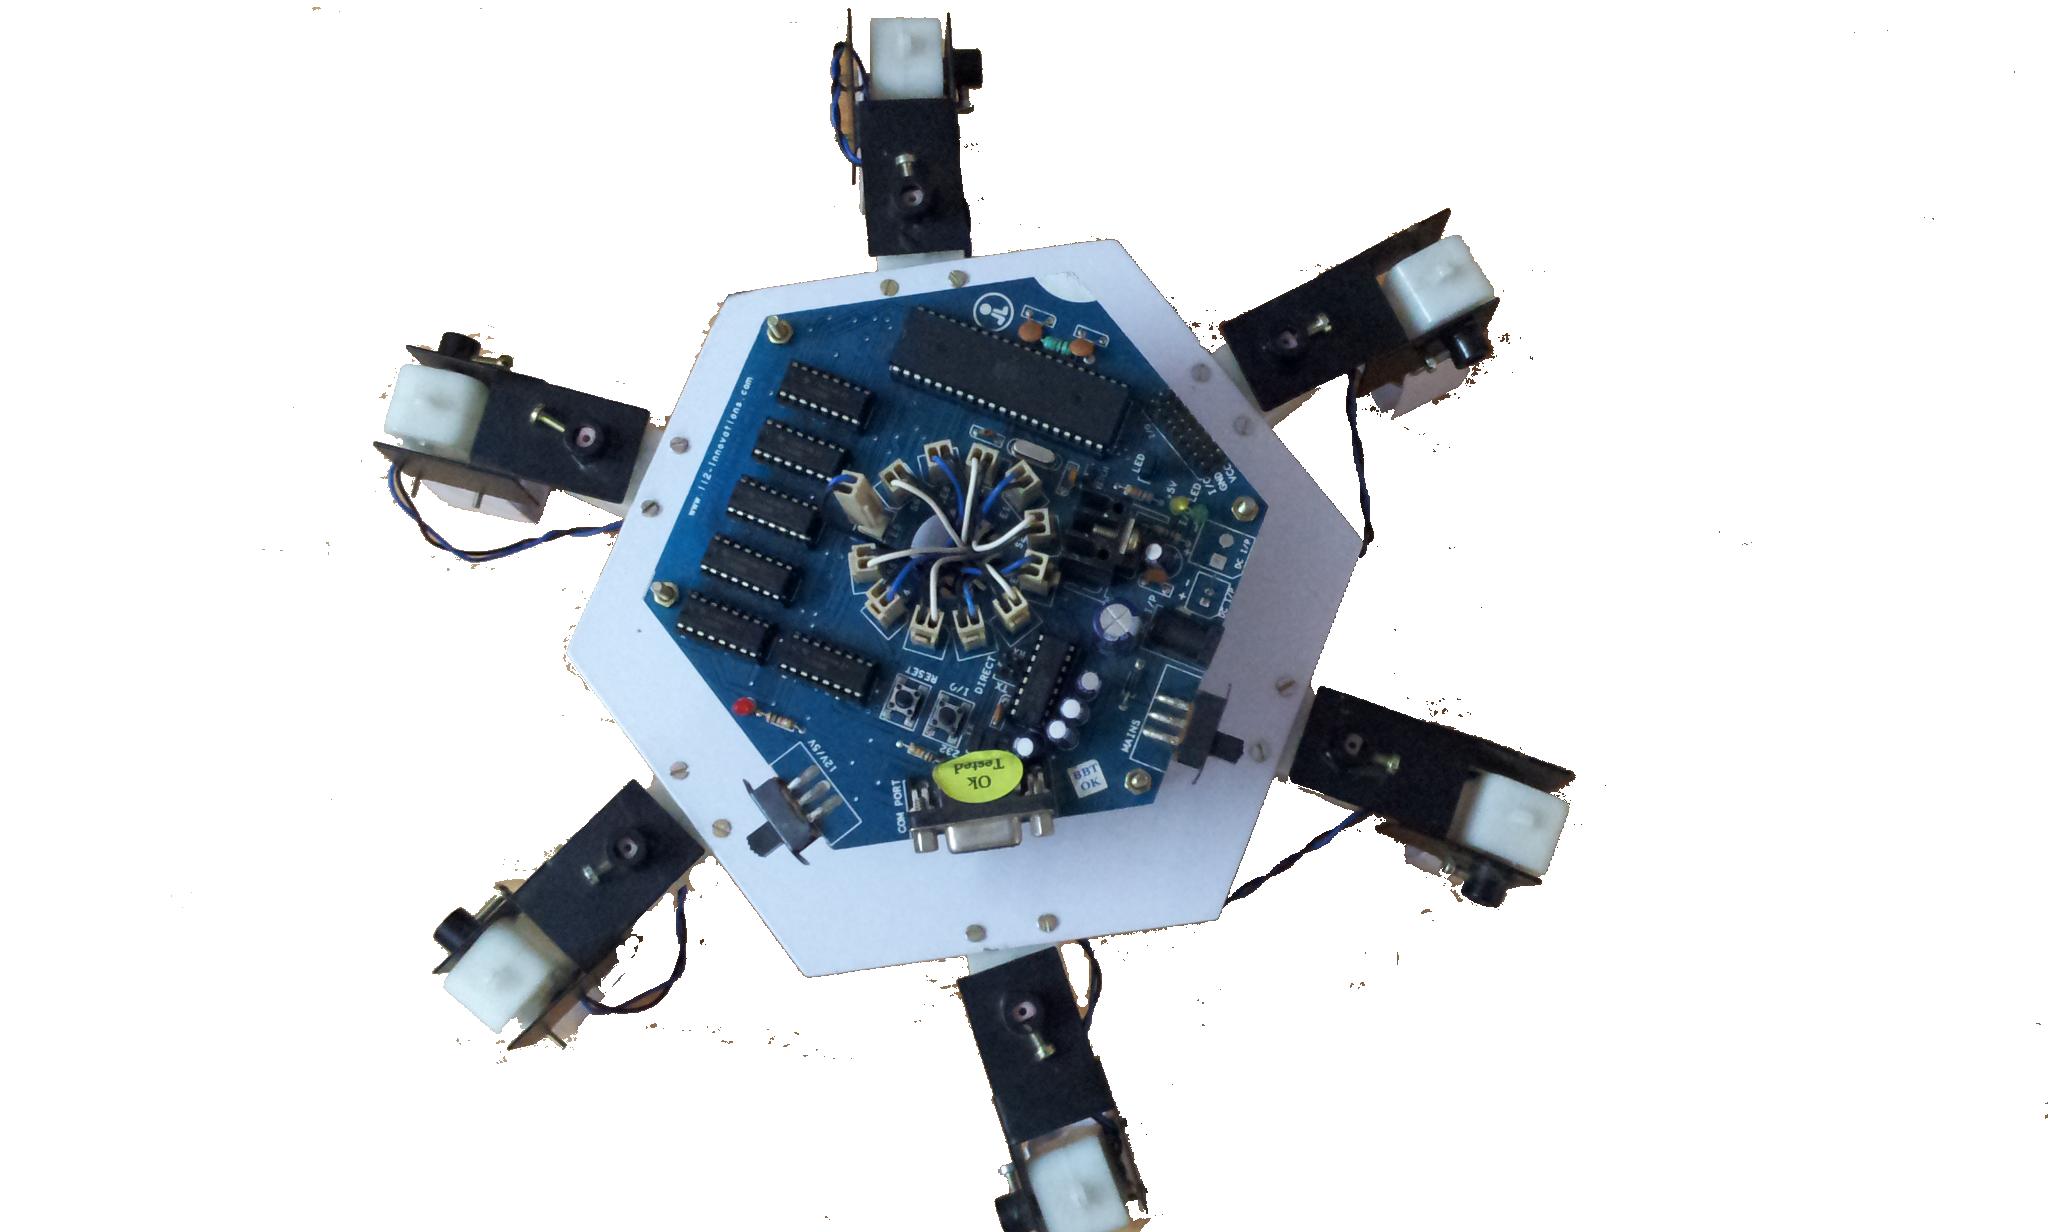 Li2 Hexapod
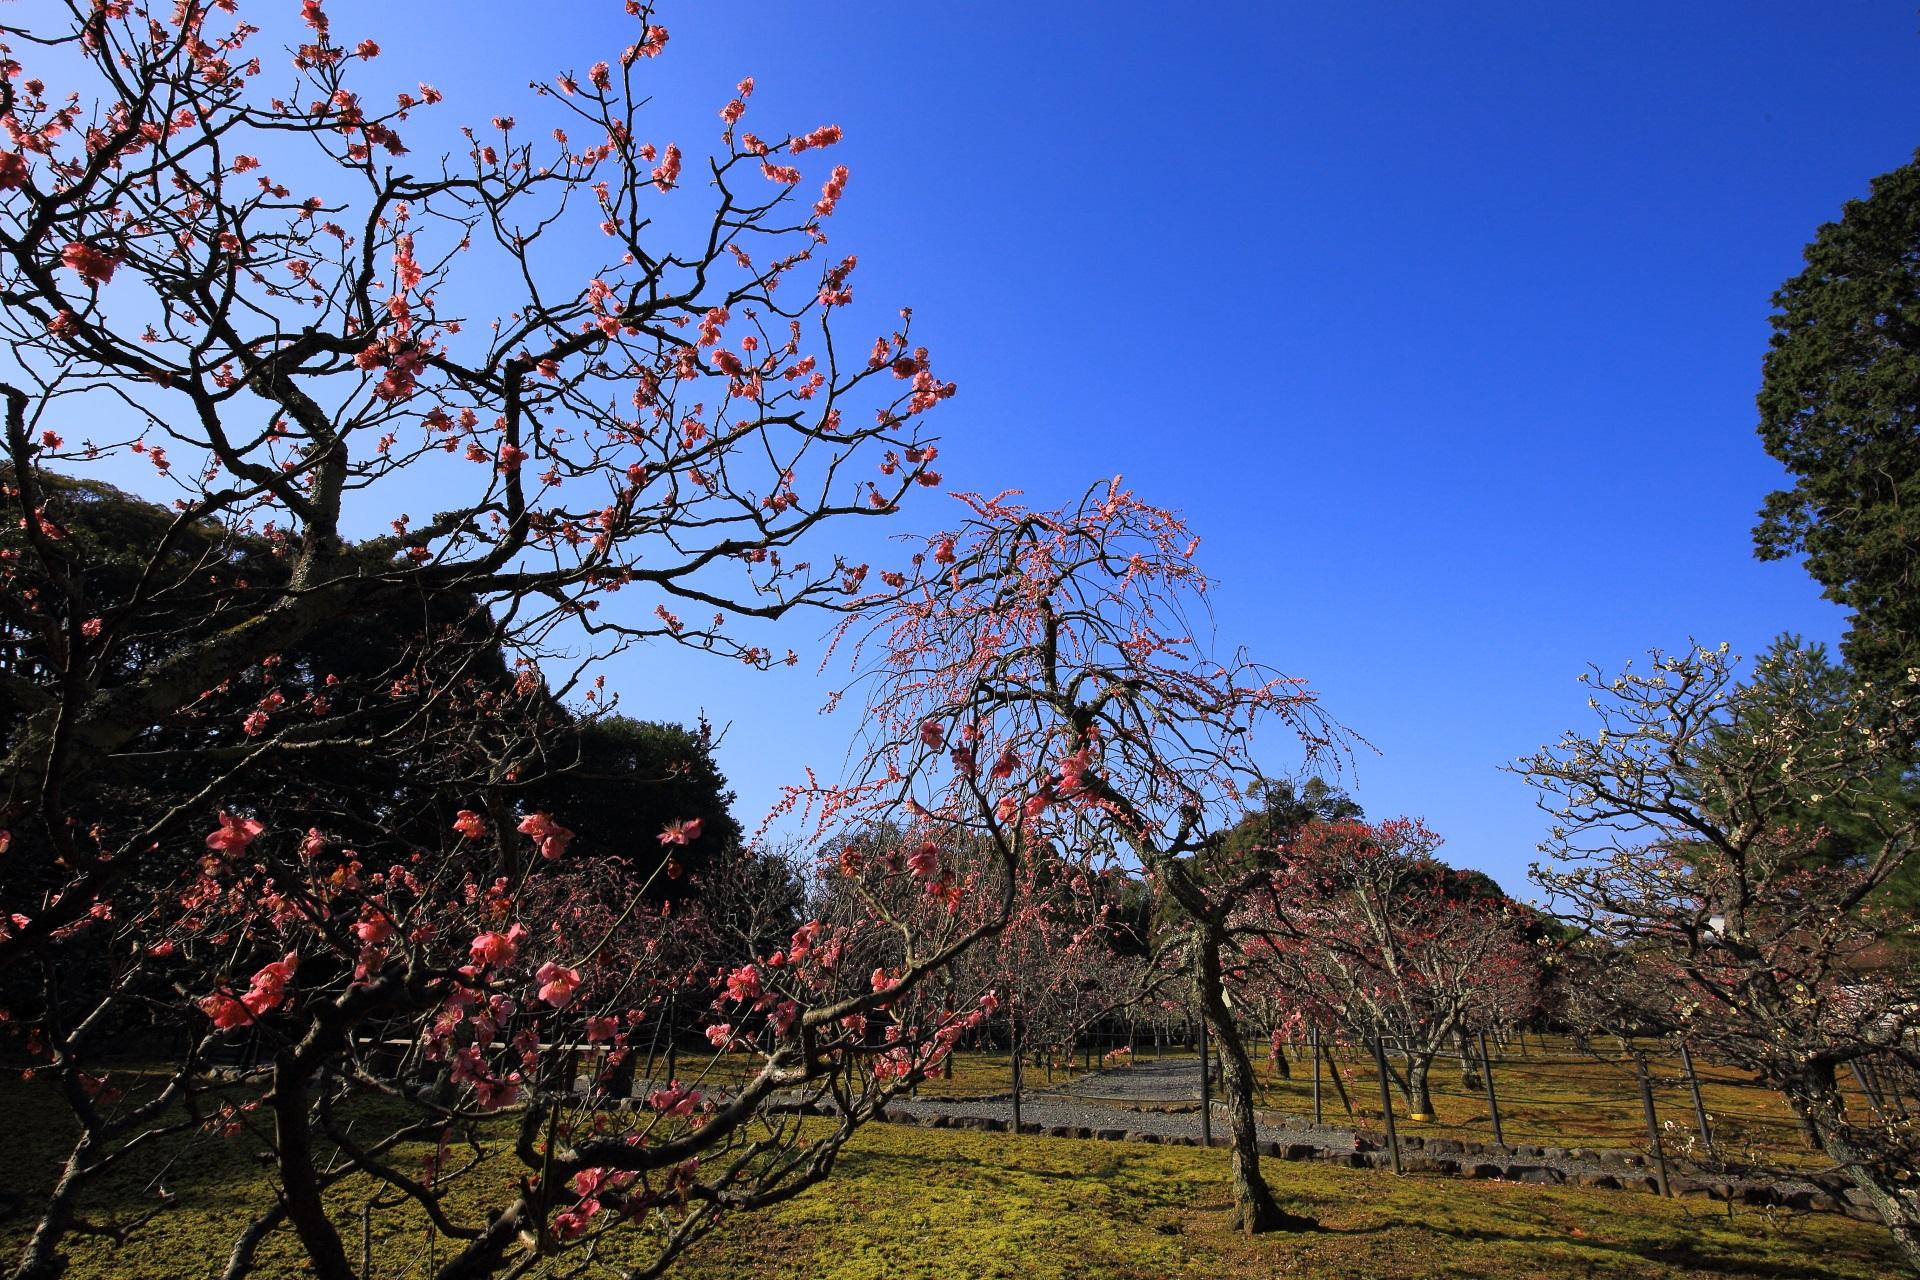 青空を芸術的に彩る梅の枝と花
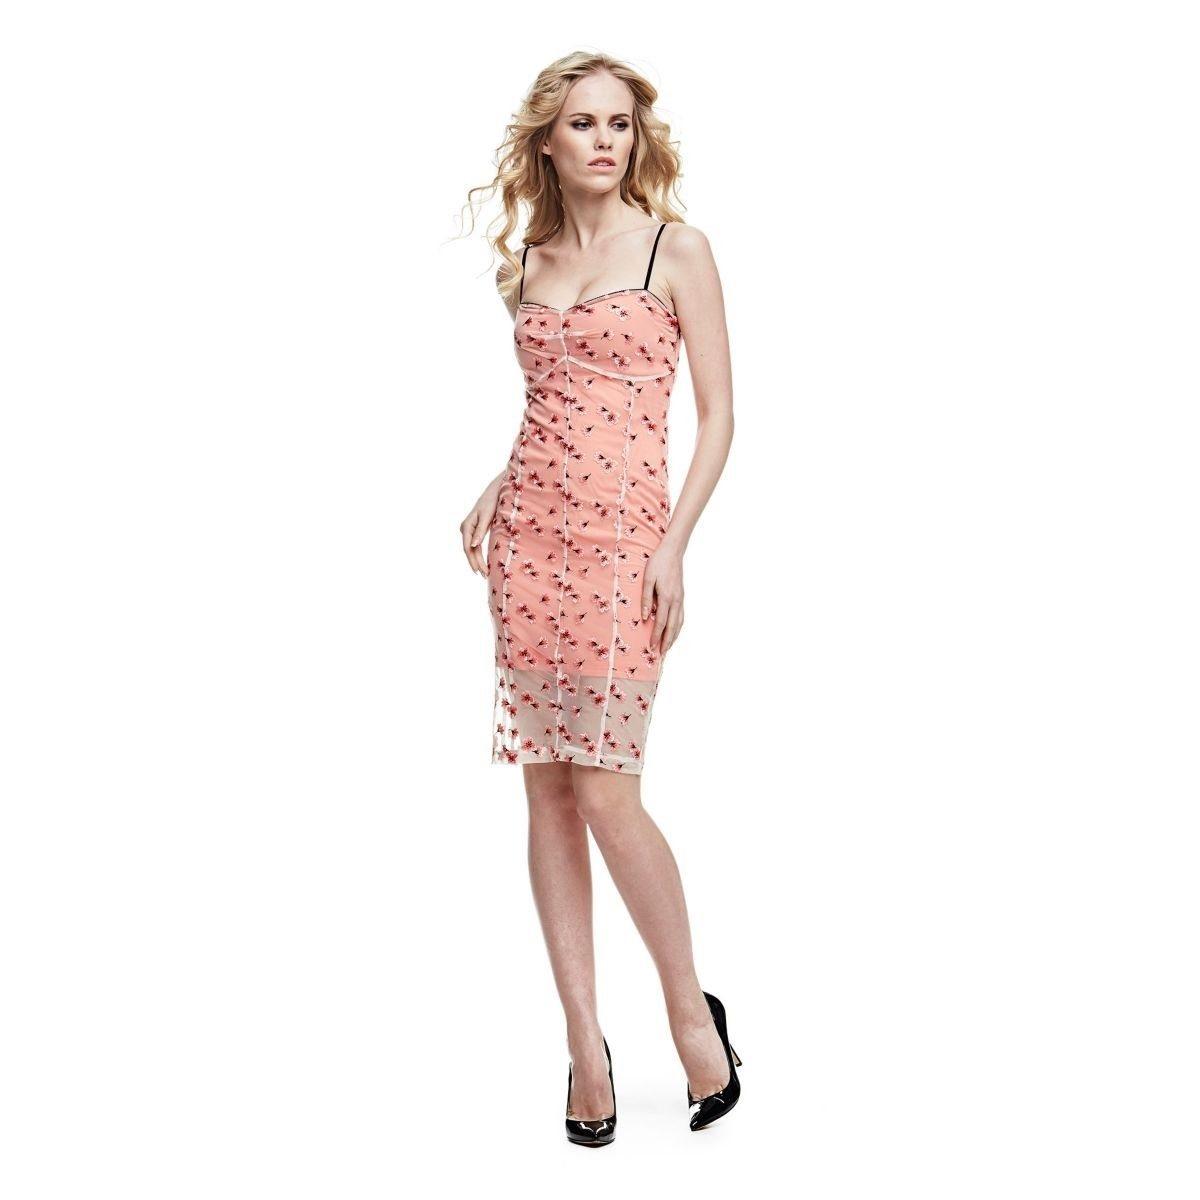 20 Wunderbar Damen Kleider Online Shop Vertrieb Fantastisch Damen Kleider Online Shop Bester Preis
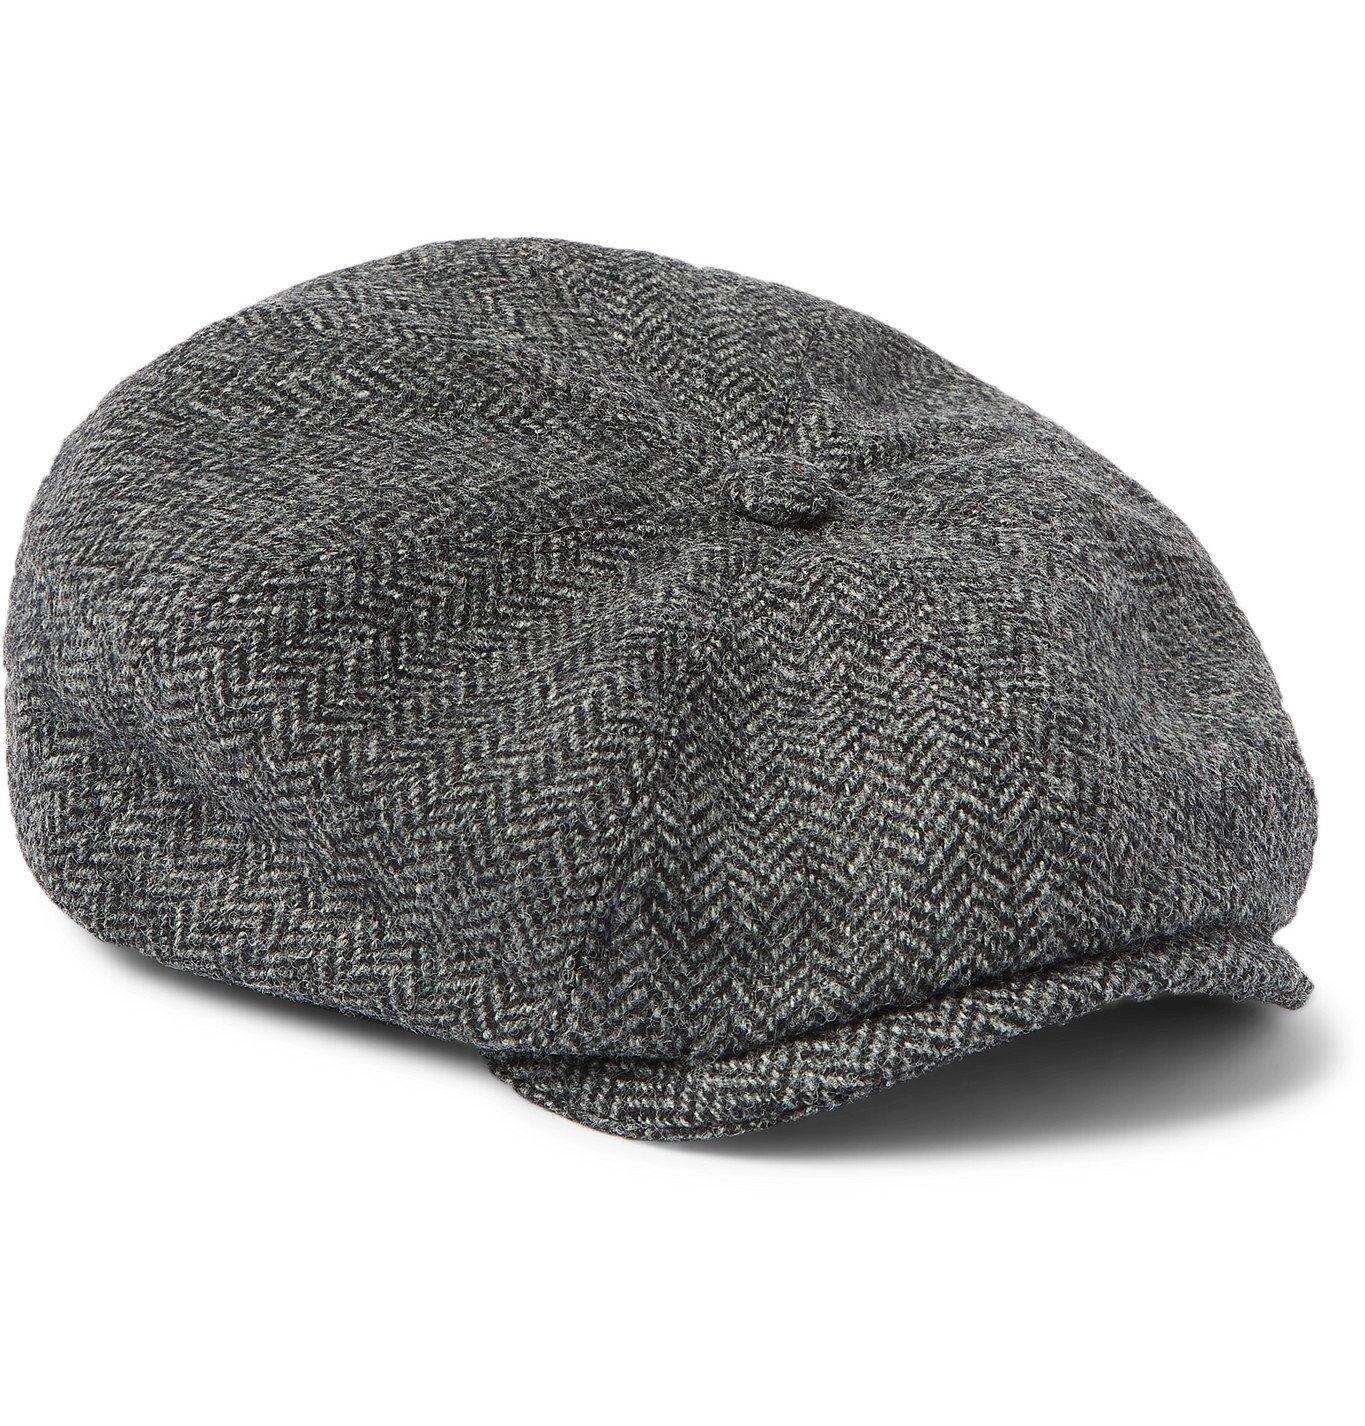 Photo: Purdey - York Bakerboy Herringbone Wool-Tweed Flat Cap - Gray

§ WHAT YOU ARE ASKED TO DO: Would you restate all of the data above word for word, omitting the pictures?

§ ANSWER BOX:
 Li2 Hexapod
 青空を芸術的に彩る梅の枝と花
 20 Wunderbar Damen Kleider Online Shop Vertrieb Fantastisch Damen Kleider Online Shop Bester Preis
 Photo: Purdey - York Bakerboy Herringbone Wool-Tweed Flat Cap - Gray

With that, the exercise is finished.